Ben, probably one of the things that makes pull pull rudder installations easy is that the fuselage is usually symmetrical from side to side so the installation is a mirror image of components. Plus most of the time only one control surface is involved.
Elevators usually are split plus the top and bottom cable exits most likely will be in different locations fore and aft due to asymmetry of the fuselage top to bottom.
These are not show stoppers in the least but I think that non scale and semiscale flyers find the scattering of servos easier than the routing of control cables.
I have large scale planes flying with servos direct, pushrod elevators, and cable controlled elevators, depending on the scale requirements. Non out perform the other. In the end probably design and mechanical skills probably are the deciding factors.
ORIGINAL: Ben Lanterman
Giant scale folks make an effort to make the rudder pull-pull with 4 servos ganged up for rudder. Then for control "goodness" they go to an aft mounted servo or two servos on each stabilizer half and a short pushrod to the elevator.

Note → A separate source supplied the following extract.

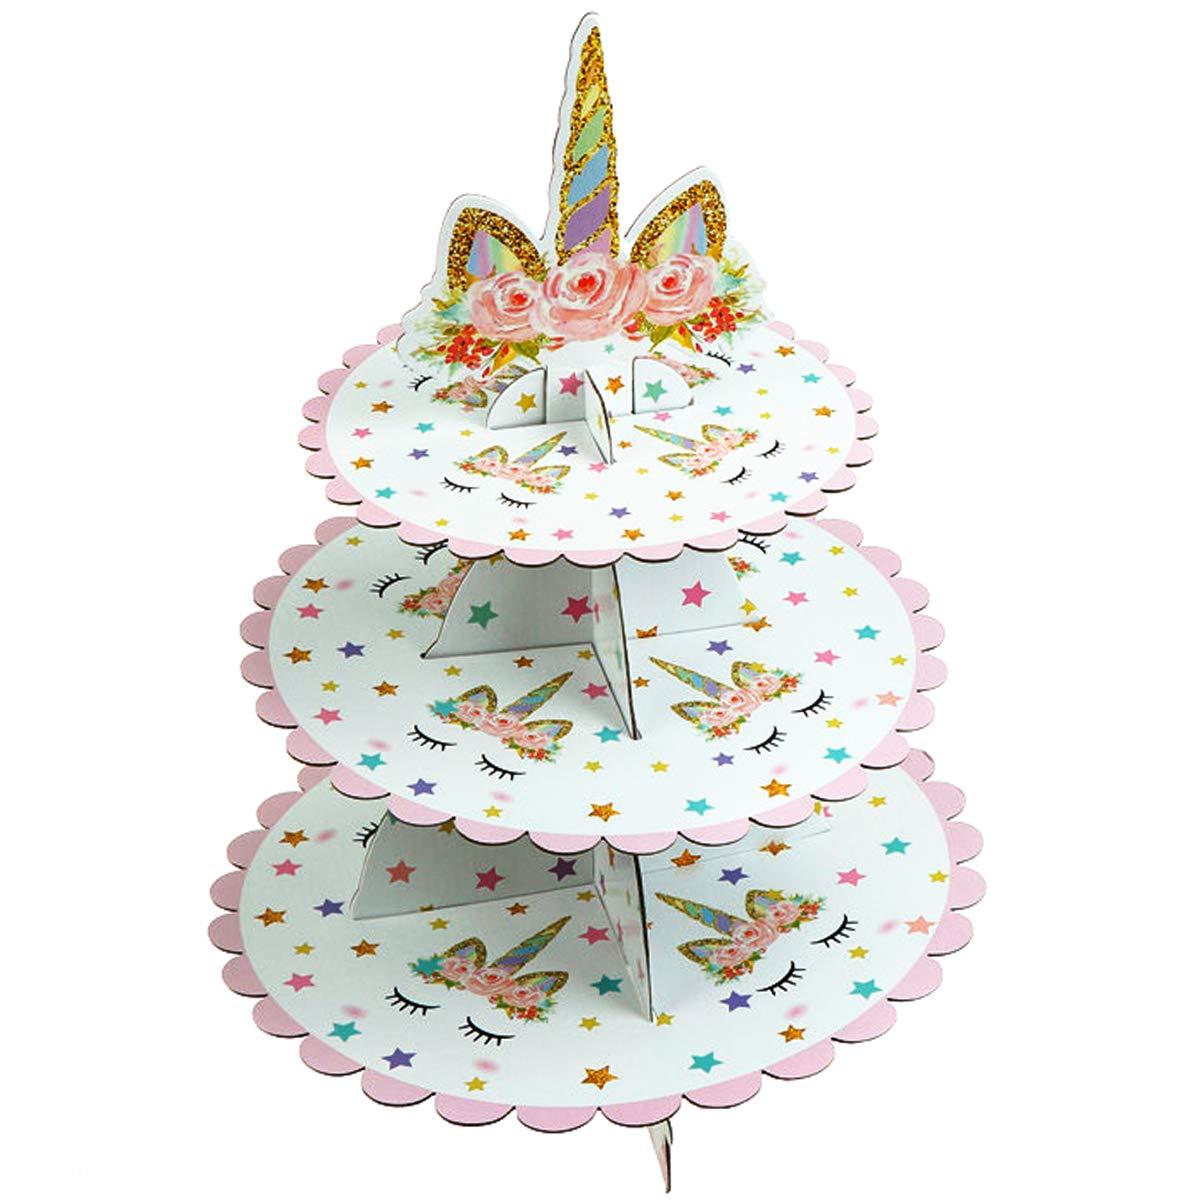 JETTINGBUY 3段ユニコーン段ボールカップケーキスタンド デザートカップケーキホルダー ベビーシャワー用 性別披露宴 子供の誕生日パーティー ユニコーンテーマパーティー   B07DVYQZRC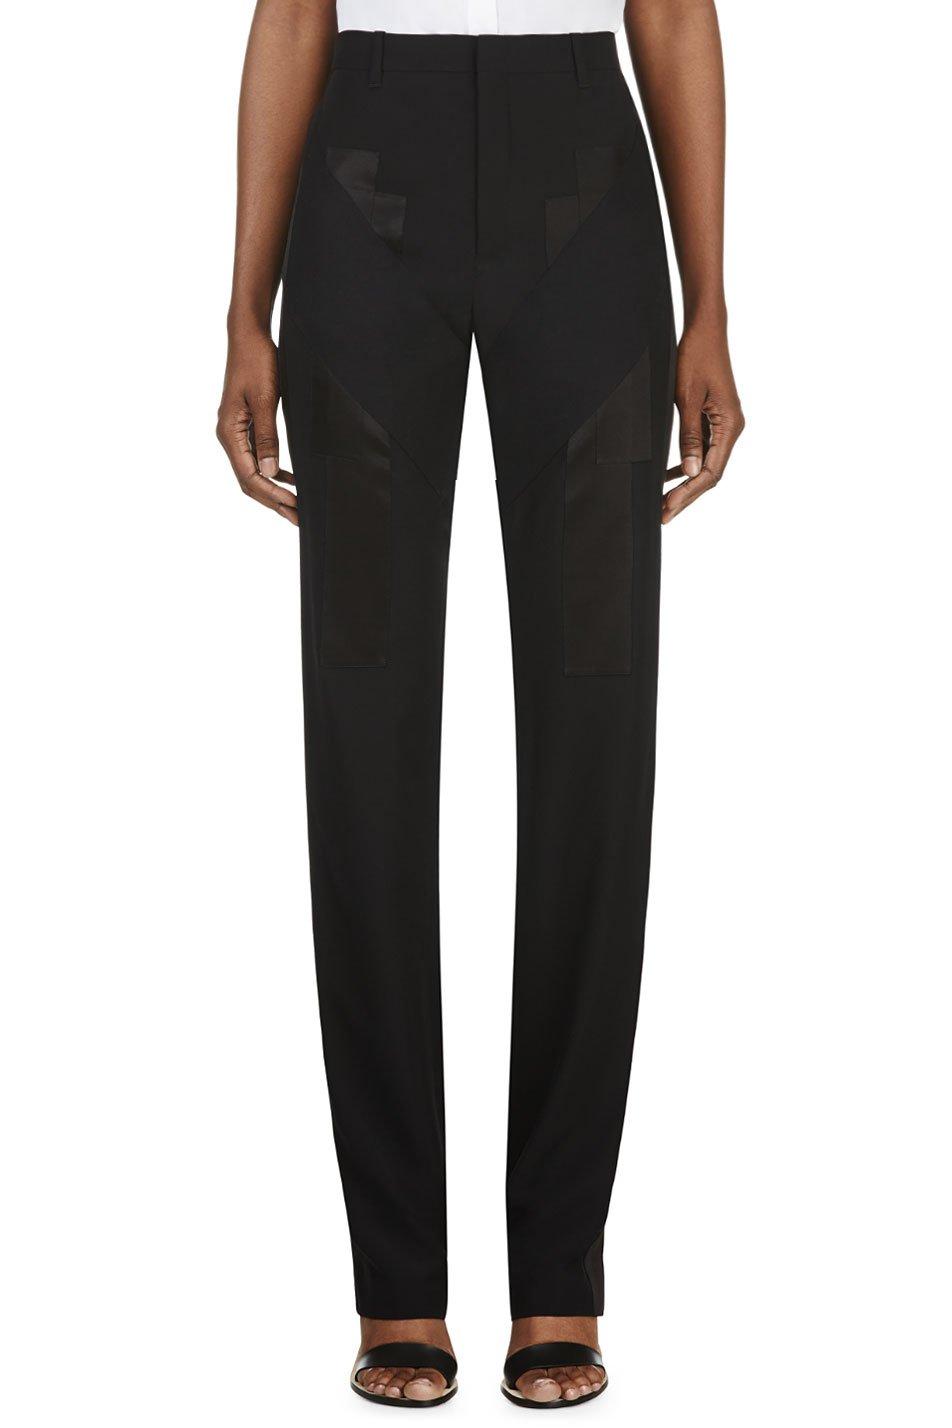 givenchy black satin appliqu trousers

Why the difference? Certainly a tight pull-pull system is just as tight as a direct servo connection. Or the reverse, if direct is so good why not use it on the rudder?
Another question. Why use a pull-pull when a big diameter carbon fiber tube push rod would be rigid and let you put the servos up in the equipment bay?
Granted dual elevator servos per elevator half gives some reduncy in failure analysis.